Attempt 1: The Naive Approach

// DON'T DO THIS
.onChange(of: text) { _, _ in
    // Find patterns and apply attributes directly
    for range in text.ranges(of: /@\w+/) {
        text[range].foregroundColor = .purple
    }
}

Result: Only the last typed character gets colored. The rest stays black.

Attempt 2: The "Clear Everything" Approach

// ALSO DON'T DO THIS
text.removeAttribute(\.foregroundColor)
for range in patternRanges {
    text[range].foregroundColor = .purple
}

Result: Flickering mess. Attributes fight each other. Users think your app is broken.

The Solution: Nuclear Option

After much gnashing of teeth, I discovered the only reliable approach: burn it all down and rebuild.
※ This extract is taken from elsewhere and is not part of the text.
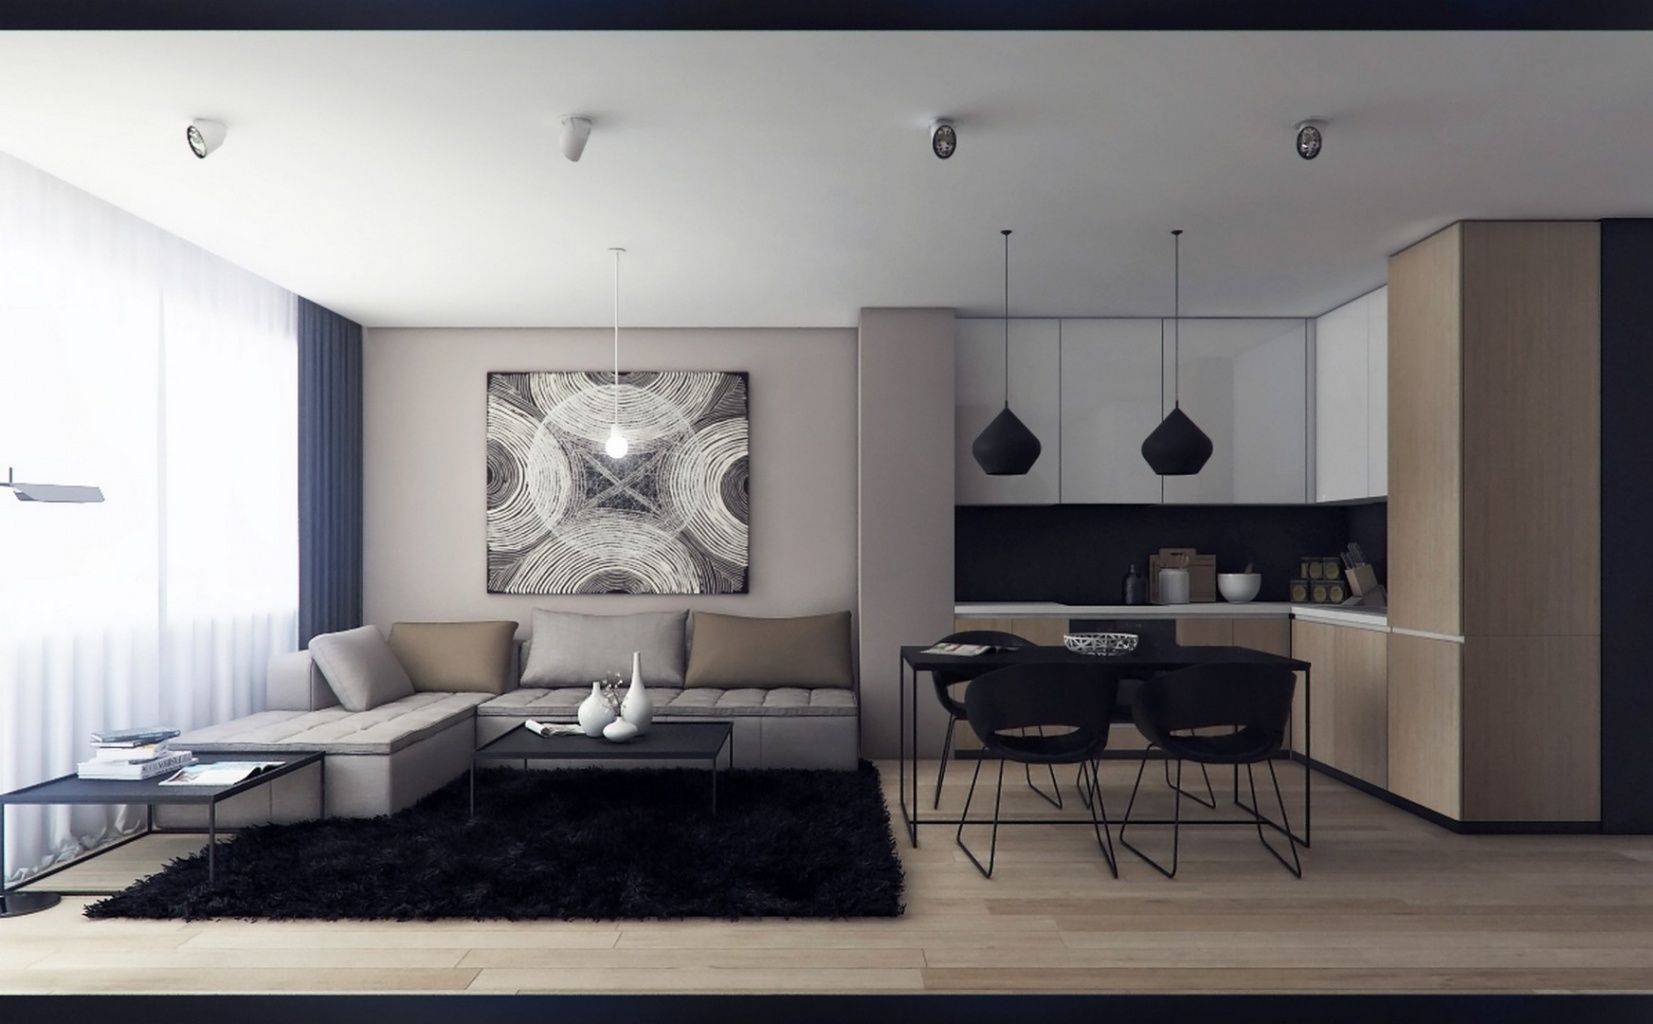 Квартира в стиле минимализм (85 фото) - дизайн интерьера, идеи для ремонта и отделки
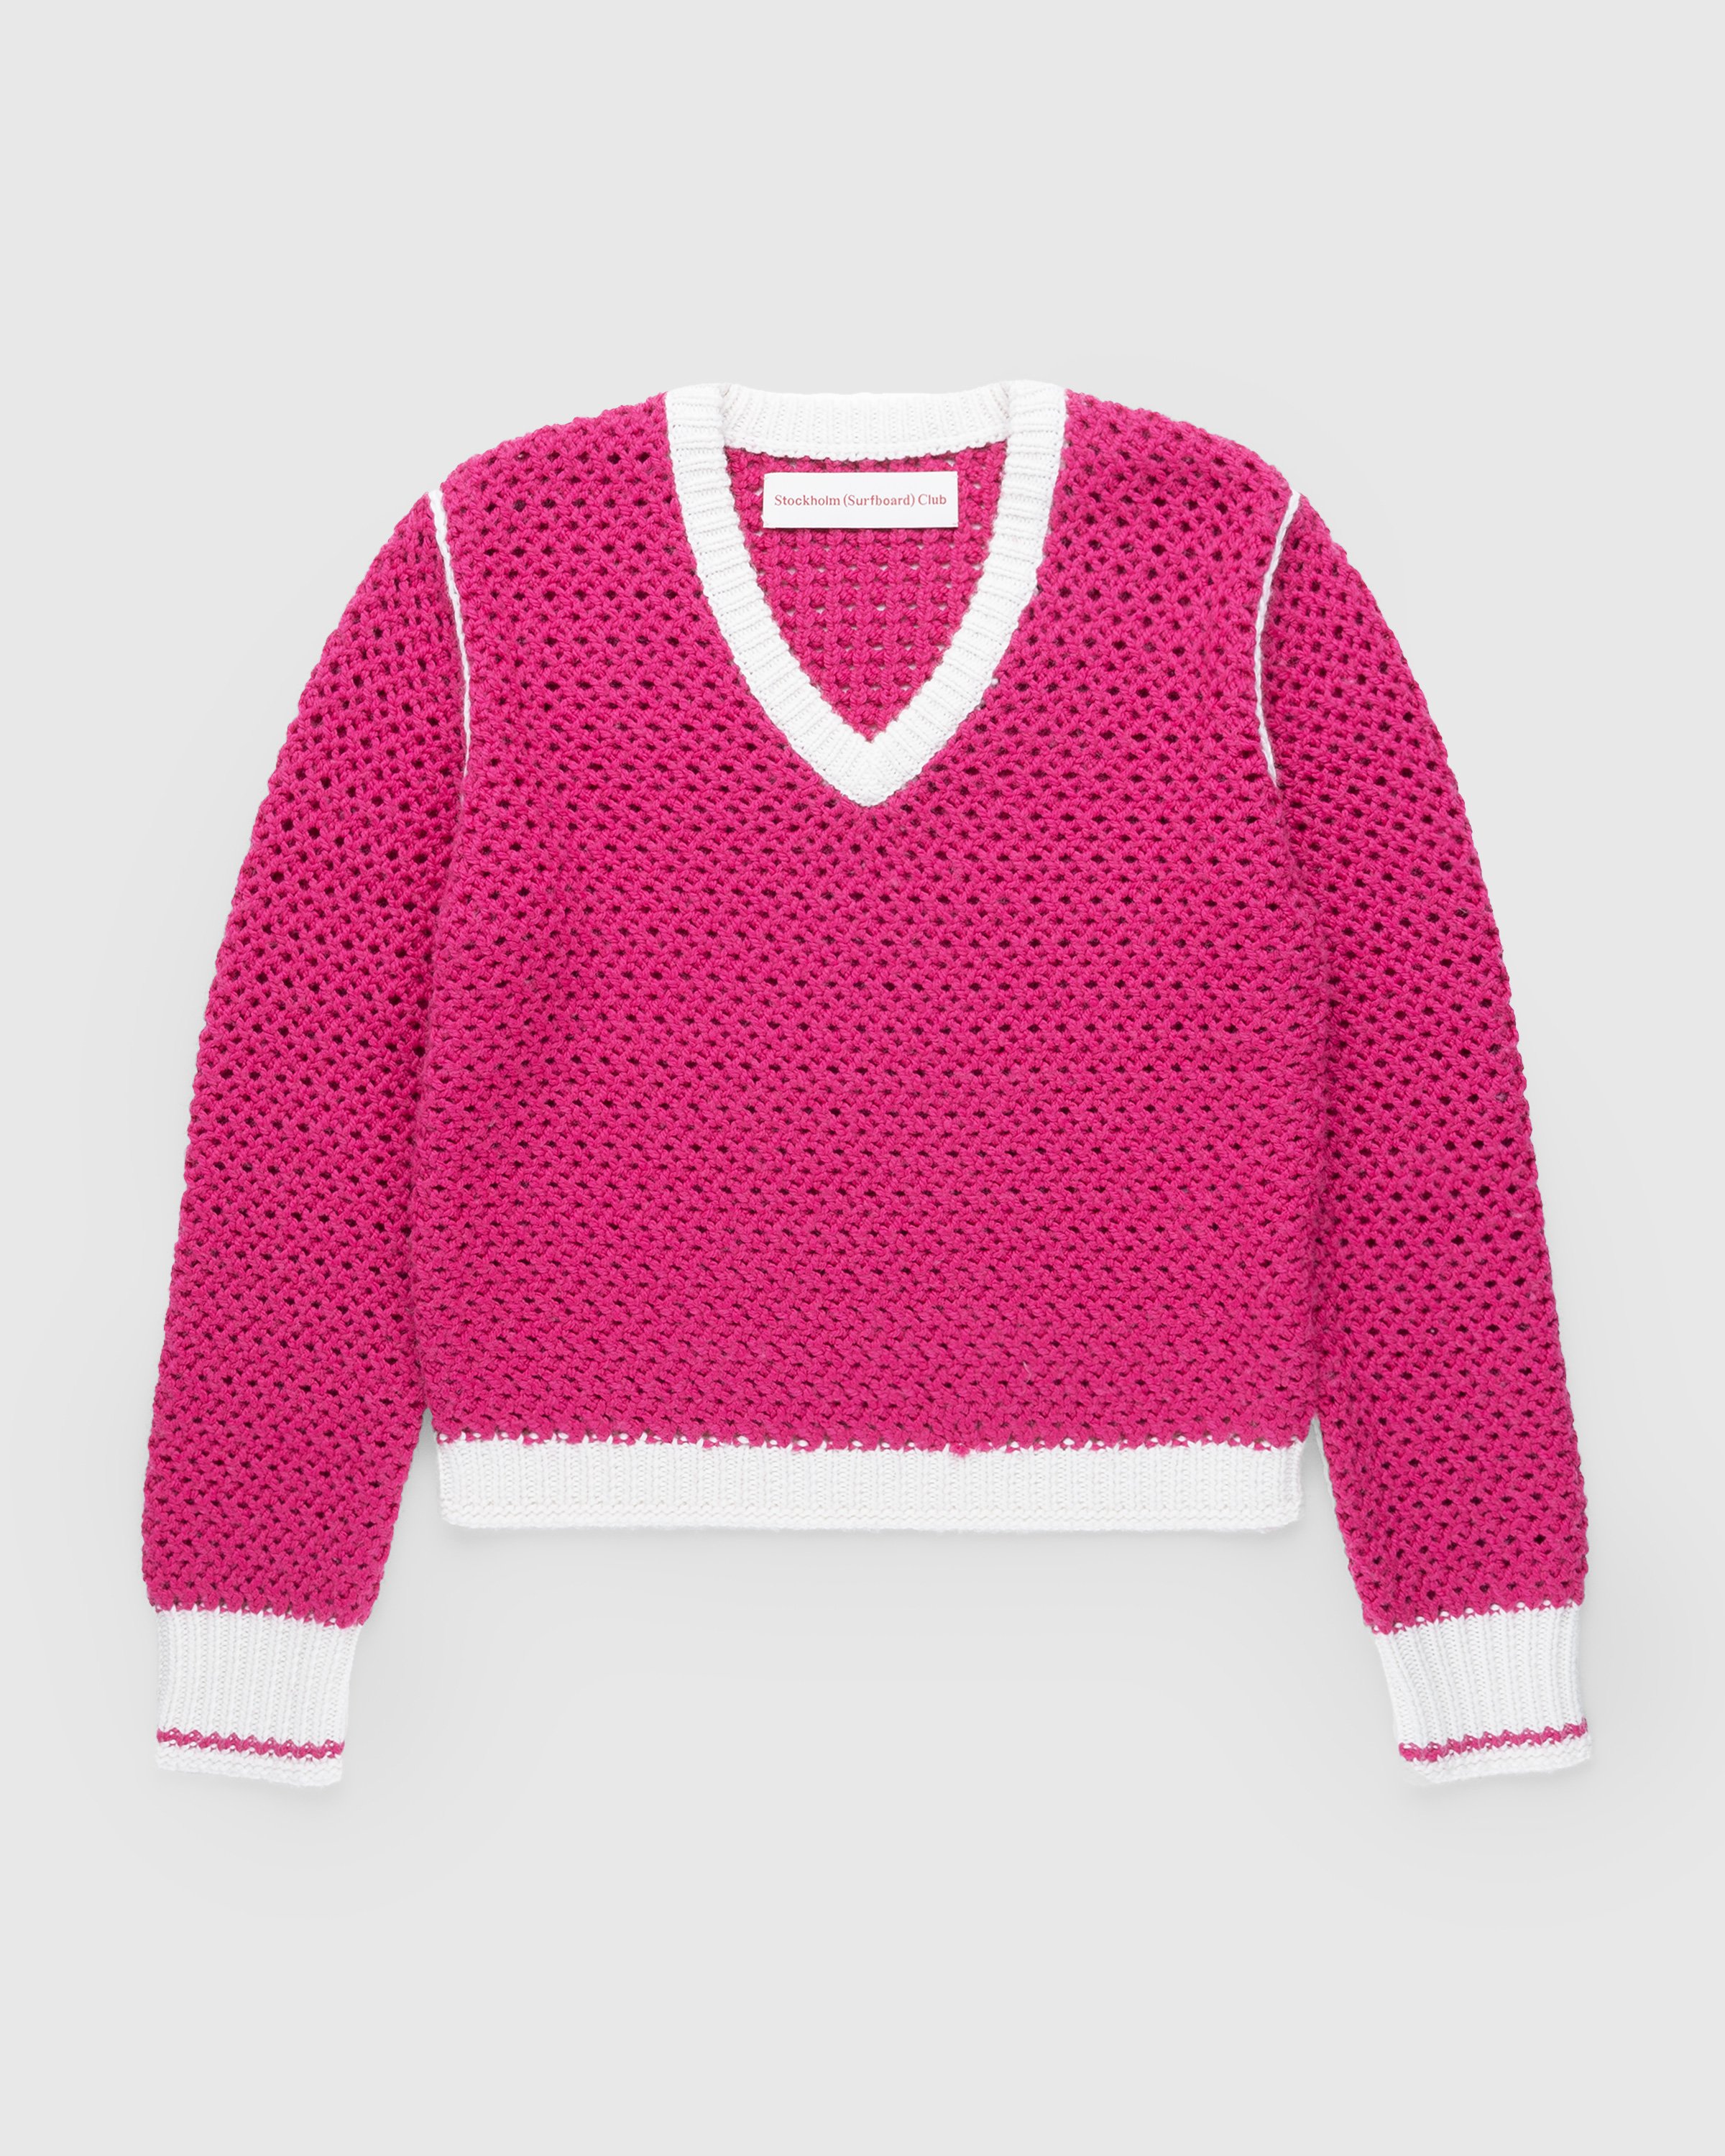 Stockholm Surfboard Club - Lola Flou Pink Pink - Clothing - Pink - Image 1

func processText(_ text: inout AttributedString) {
    // Step 1: Extract plain text (goodbye, attributes!)
    let plainString = String(text.characters)
    
    // Step 2: Create fresh AttributedString
    var freshText = AttributedString(plainString)
    
    // Step 3: Find all patterns in plain text
    for match in plainString.matches(of: combinedRegex) {
        // Apply attributes to fresh text
        freshText[matchRange][TextPatternAttribute.self] = patternType
    }
    
    // Step 4: Nuclear replace
    text = freshText
}

Every keystroke, we create a brand new AttributedString. It's like renovating your house by demolishing it and rebuilding from scratch. Extreme? Yes. Works? Also yes.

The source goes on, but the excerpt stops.